Once the pictures are removed, restate the listing word for word.

**Information shown**
++++++++
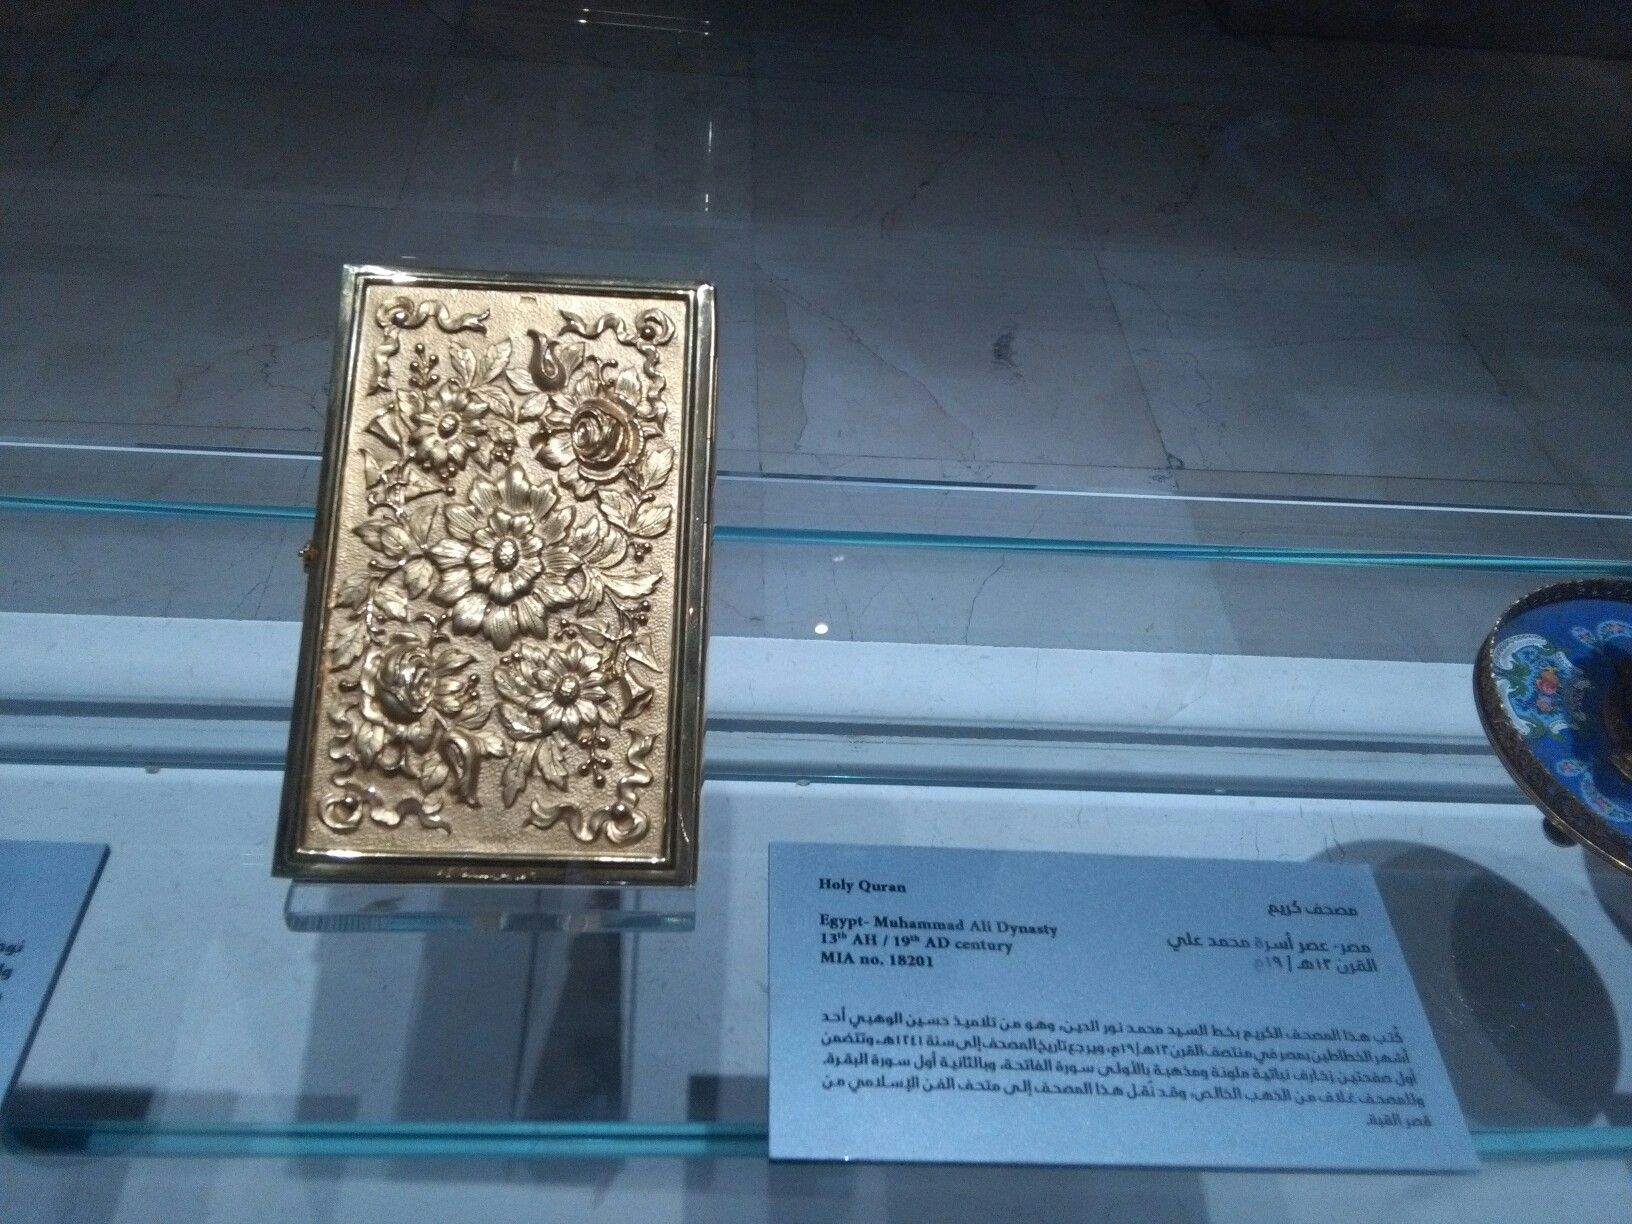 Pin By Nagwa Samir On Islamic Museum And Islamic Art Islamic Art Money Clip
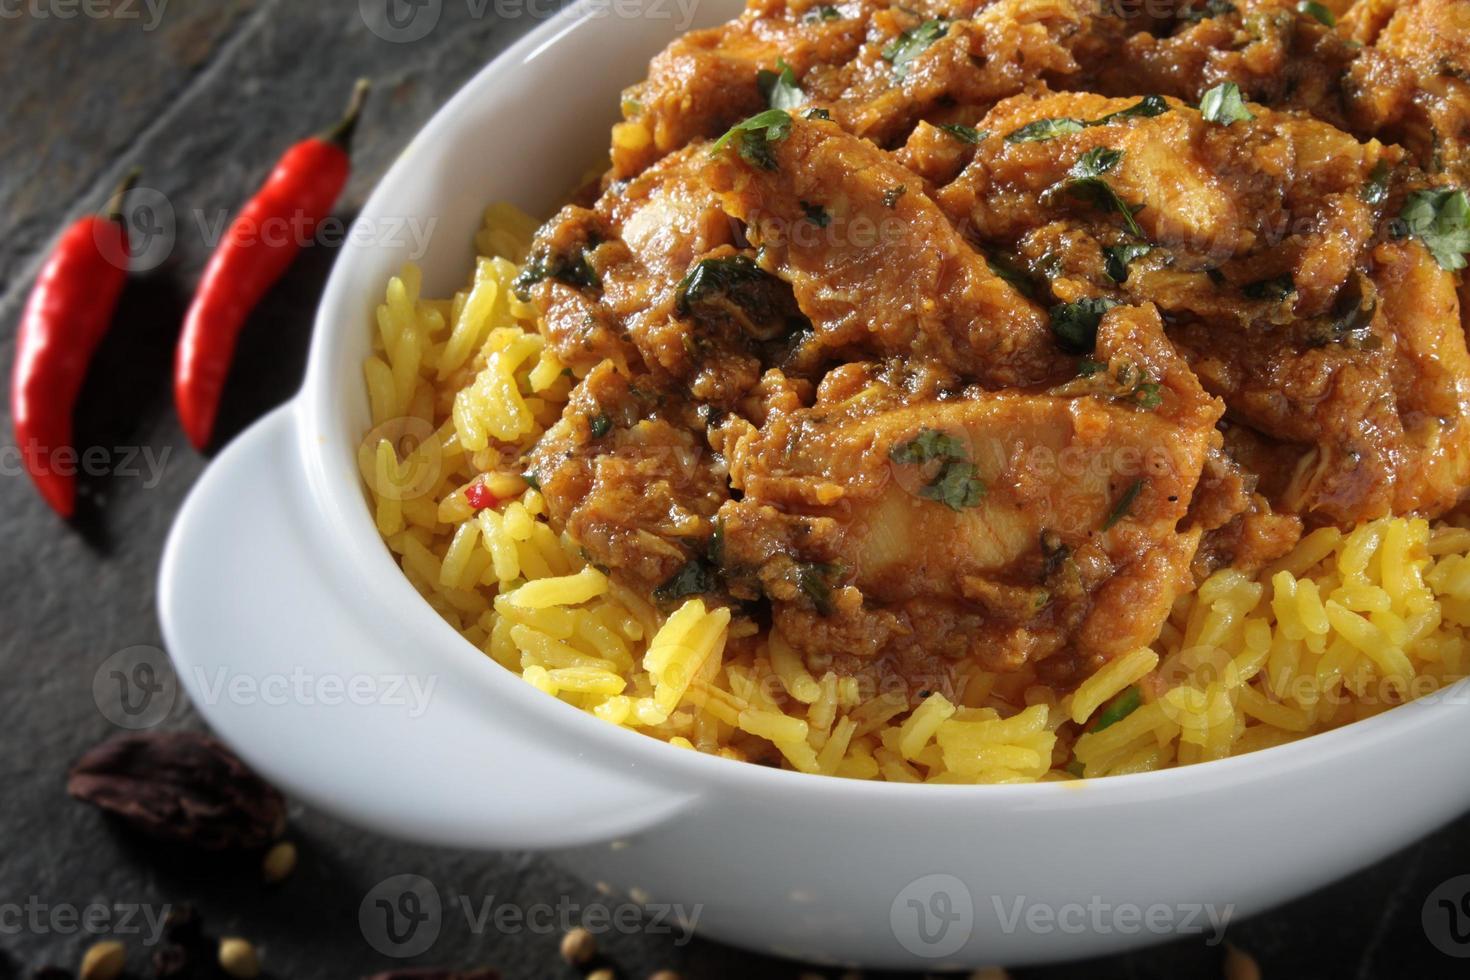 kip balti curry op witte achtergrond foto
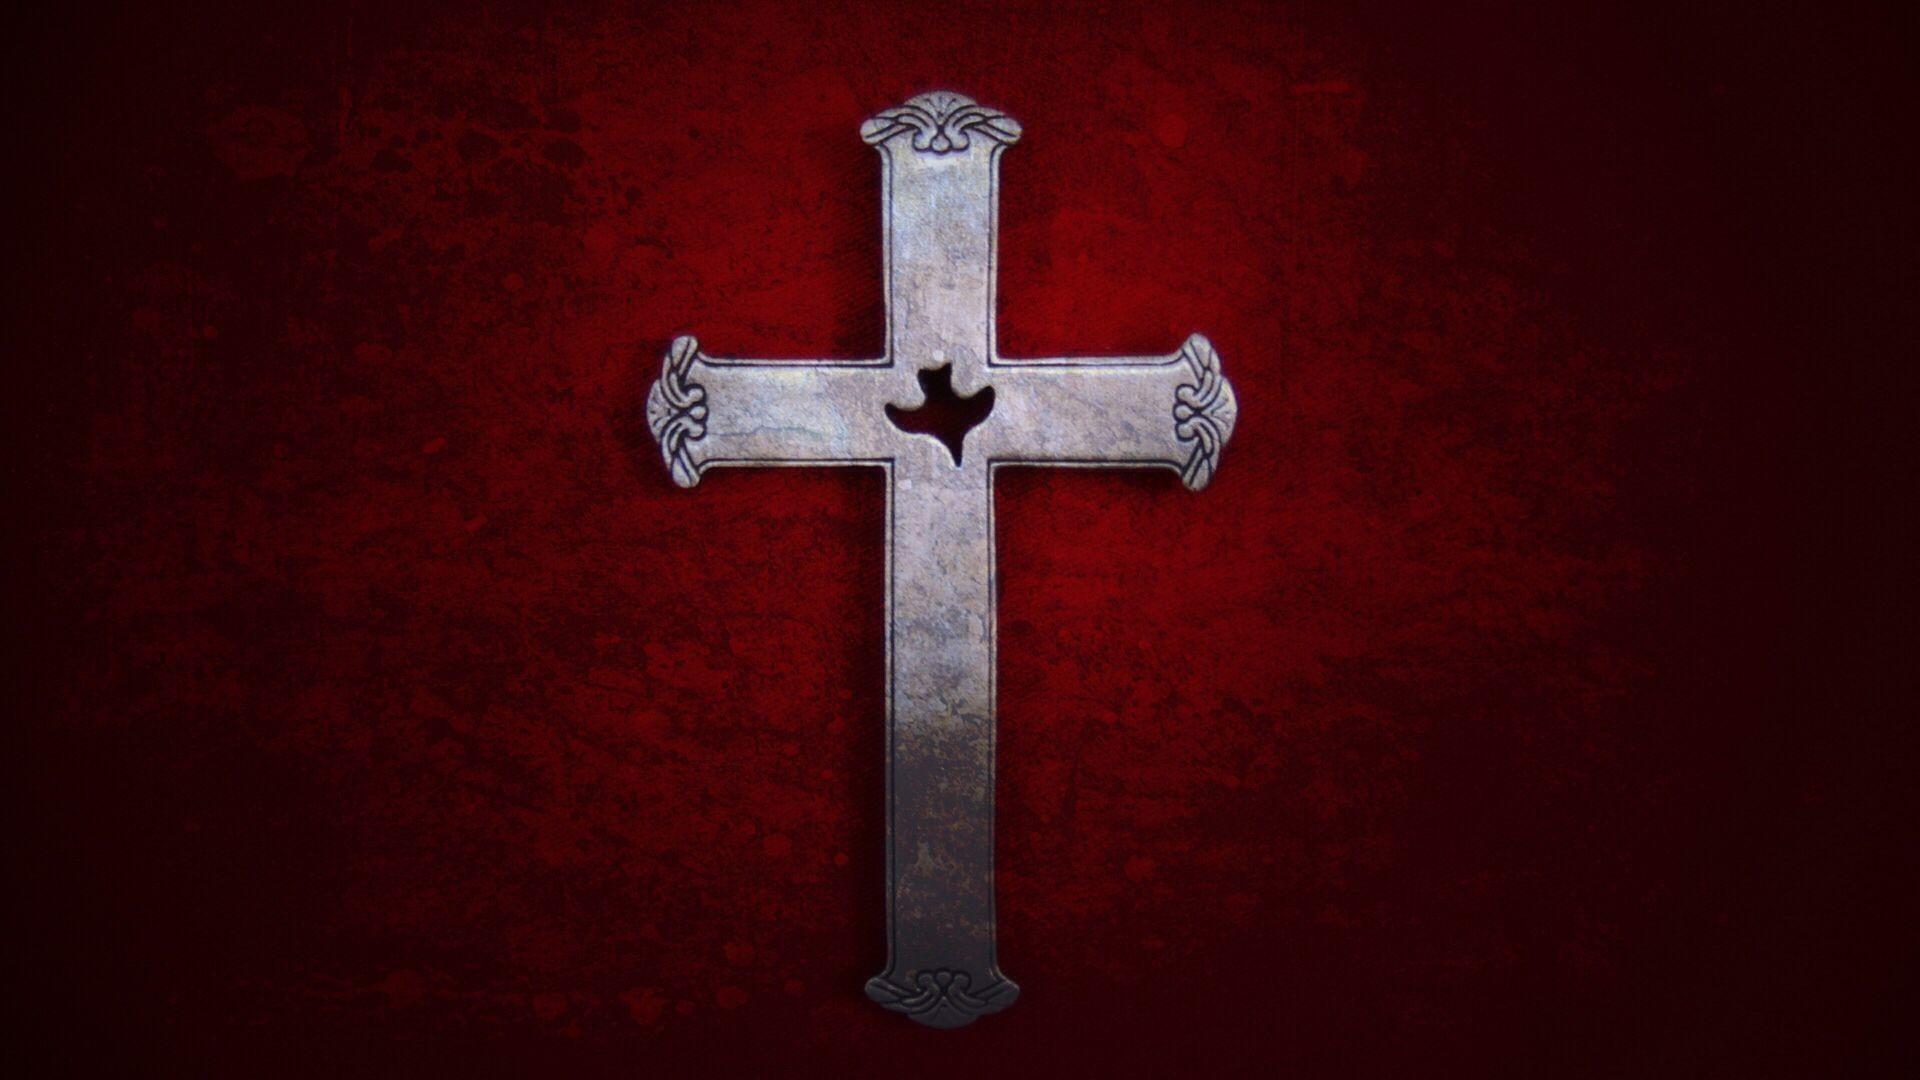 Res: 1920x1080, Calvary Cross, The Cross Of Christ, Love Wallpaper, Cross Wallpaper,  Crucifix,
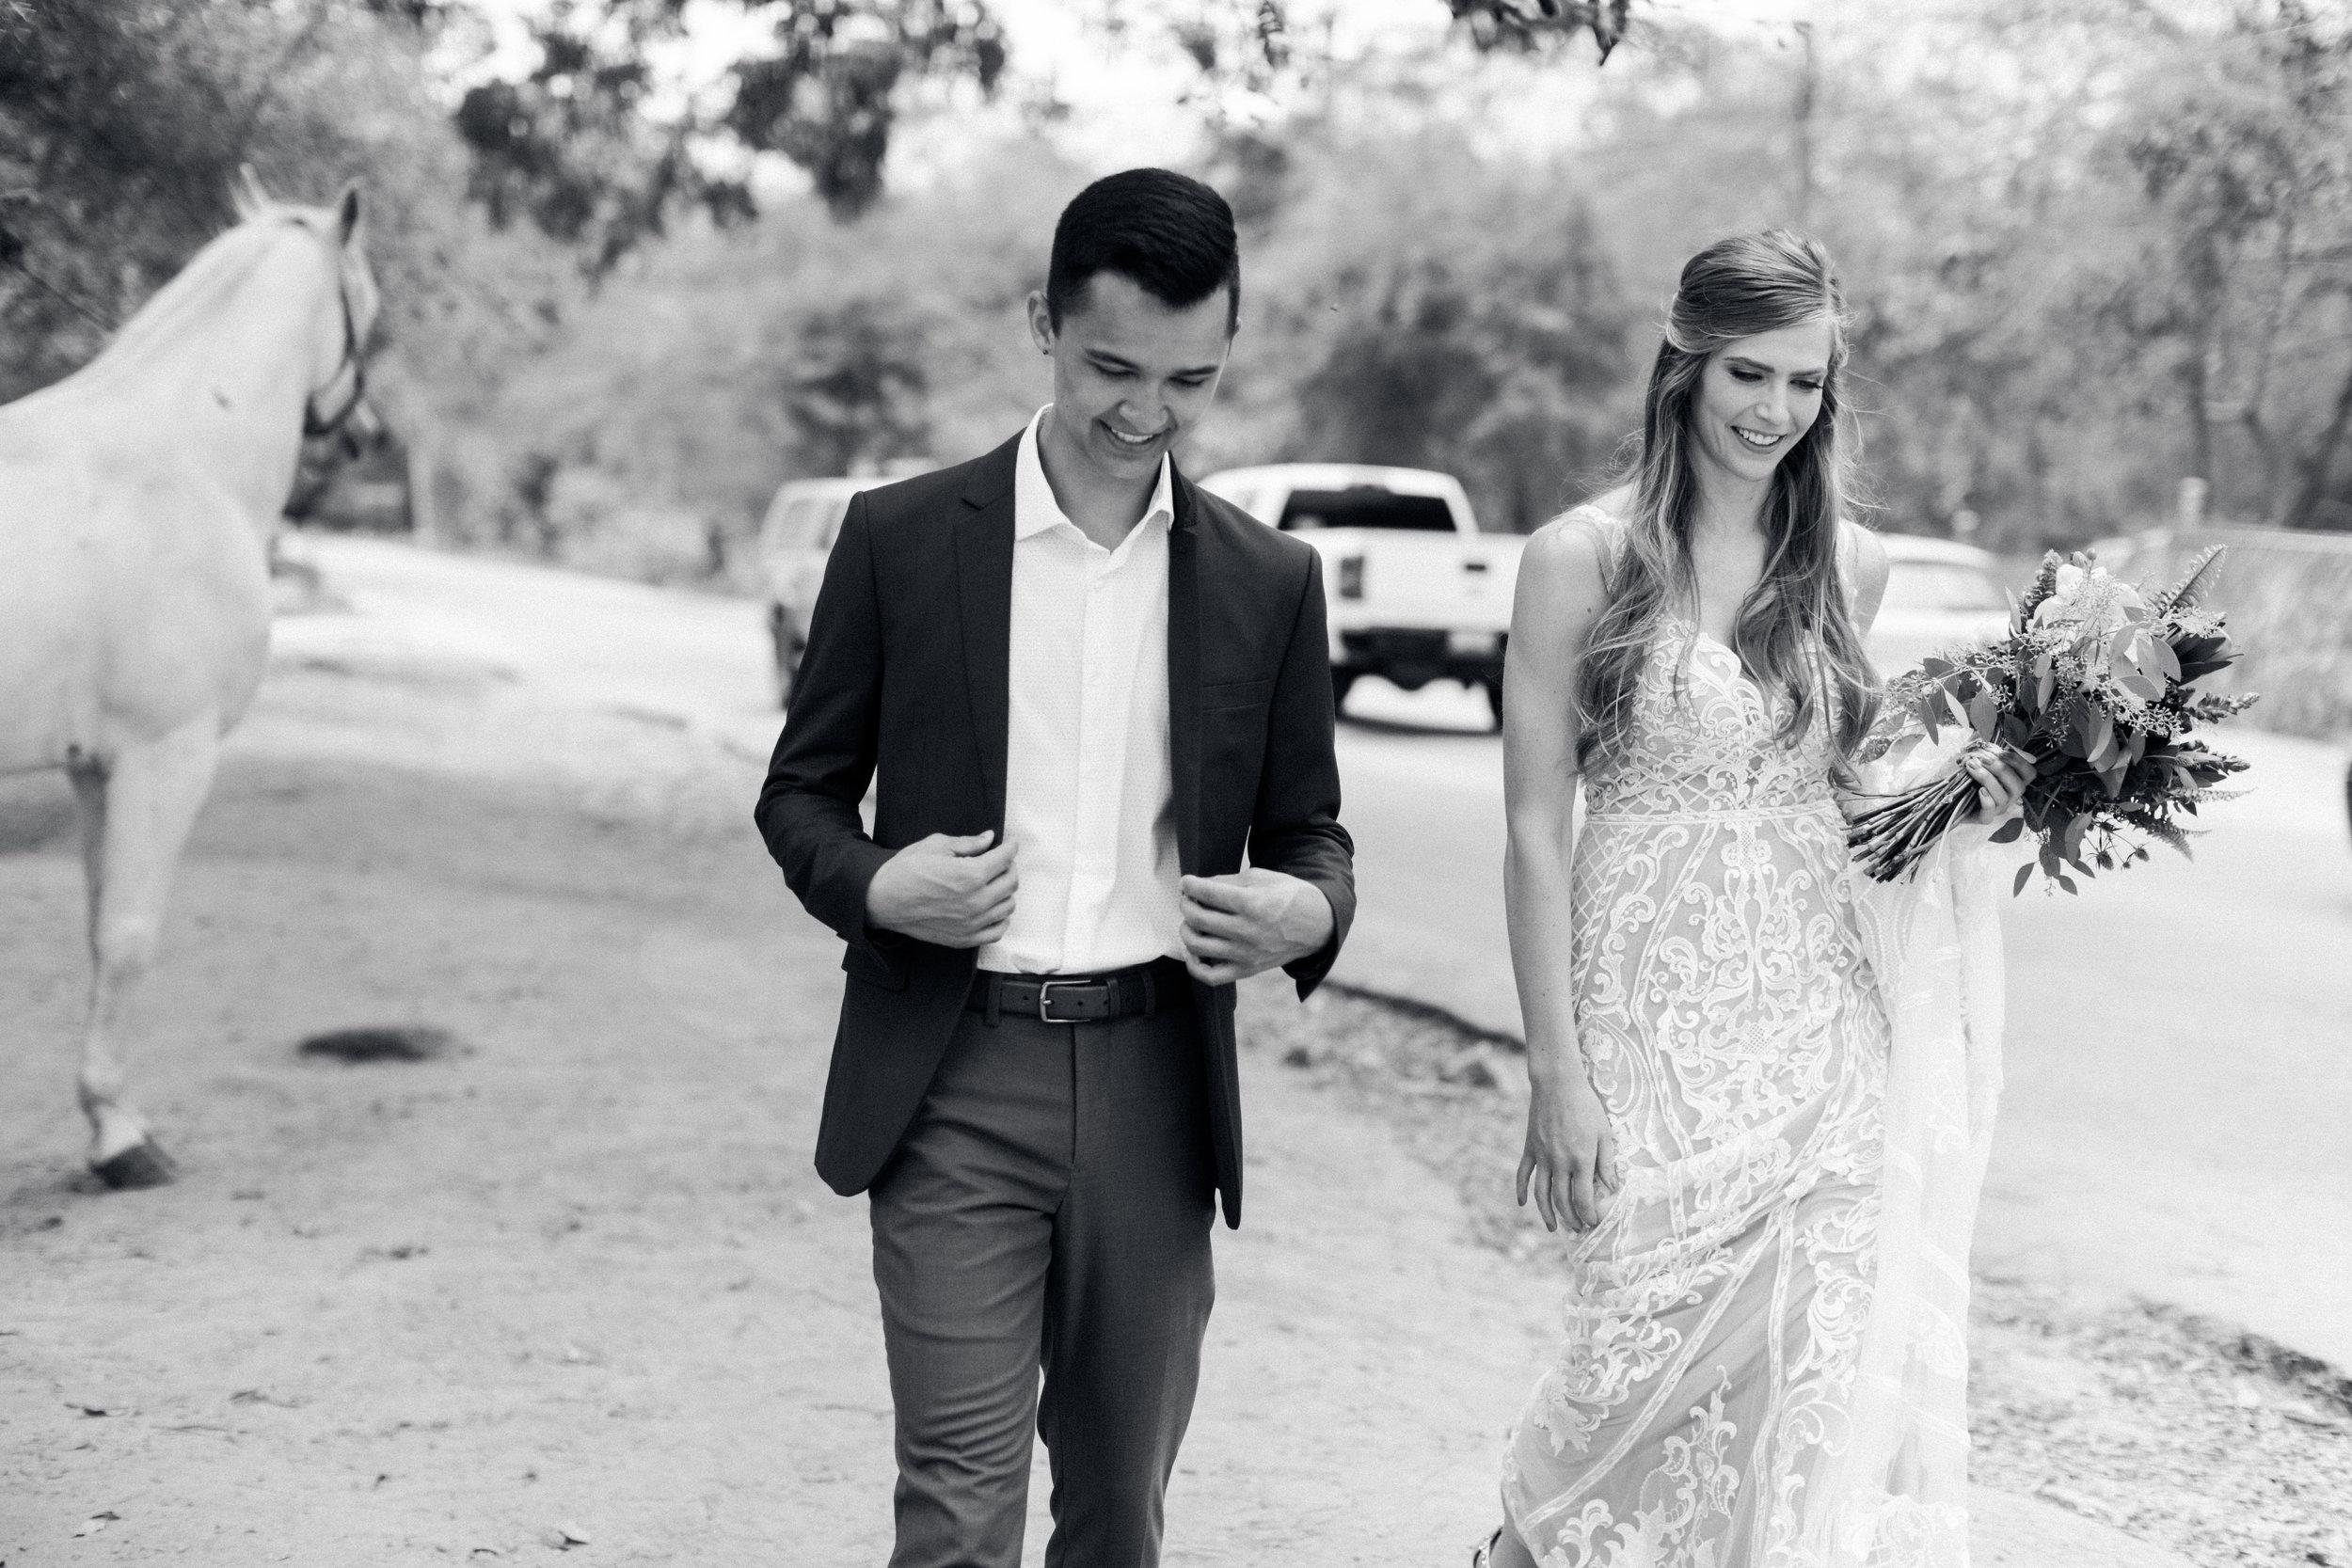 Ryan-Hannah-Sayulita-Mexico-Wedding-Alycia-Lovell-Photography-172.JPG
++++++++
**Output for this exercise**
 Pin By Nagwa Samir On Islamic Museum And Islamic Art Islamic Art Money Clip
 kip balti curry op witte achtergrond foto
 Res: 1920x1080, Calvary Cross, The Cross Of Christ, Love Wallpaper, Cross Wallpaper,  Crucifix,
 Ryan-Hannah-Sayulita-Mexico-Wedding-Alycia-Lovell-Photography-172.JPG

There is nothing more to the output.